Cette semaine, j’ai vécu un traumatisme qui a chamboulé mon histoire personnelle, mais pourtant une nouvelle histoire ne s’est pas encore établie.
Charles Eisenstein appelle cela « l’espace vide entre les histoires ». Beaucoup d’entre nous sont en ce moment dans cet espace vide entre les histoires, lorsque vous vous sentez perdu, avec une crainte infondée, boulversé, un peu comme si vos racines étaient arrachées et que vous ne saviez pas très bien où prendre port. Tout ce que vous pensiez savoir – de vous-même et du monde – pourrait être maintenant remis en question.
Même nos systèmes – le système médical, le système politique, le système éducatif, le système bancaire – sont également dans l’espace vide entre les histoires. Nous savons que l’ancienne voie est en train de s’effondrer, et que la nouvelle voie n’est pas encore née.

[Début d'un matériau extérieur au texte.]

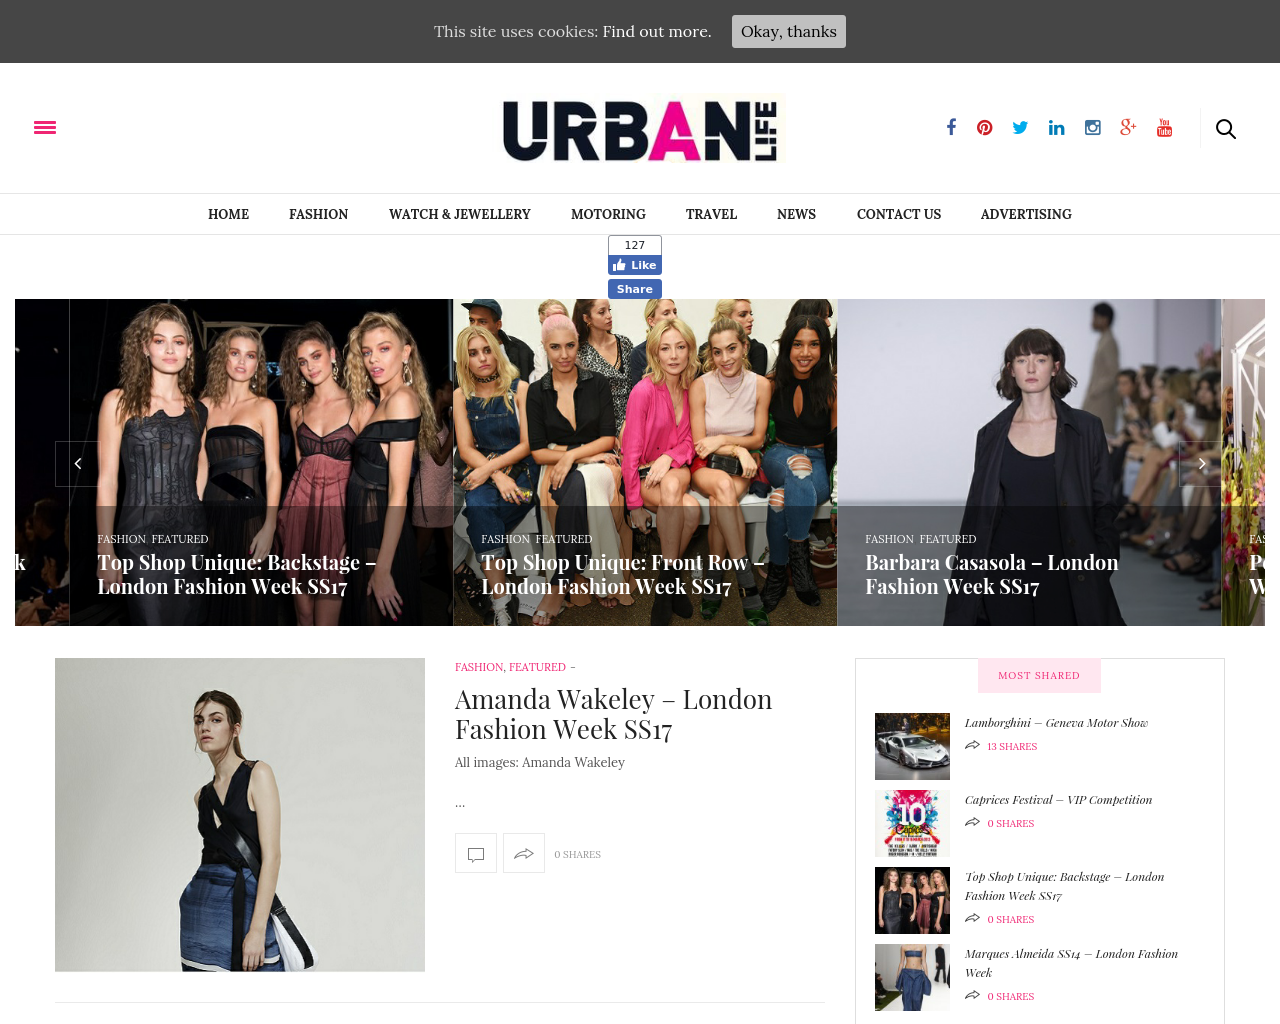 Urban-Life-Magazine-Advertising-Reviews-Pricing

Comme Charles l’écrit dans Le Monde Plus Beau Que Nos Coeurs Savent Possible:
Il convient de noter que, si vous êtes dans l’espace sacré entre les histoires, laissez-vous y être pleinement présent. Il est effrayant de perdre de vue les anciennes structures de sécurité, mais vous constaterez que, même si vous risquez de perdre des choses que vous ne pensiez pas pouvoir perdre, tout ira bien pour vous. Il y a une sorte de grâce qui nous protège dans cet espace vide entre les histoires. Rien ne dit que vous ne détruirez pas votre mariage, votre argent, votre travail ou votre santé. En fait, il est très probable que vous perdiez une de ces choses.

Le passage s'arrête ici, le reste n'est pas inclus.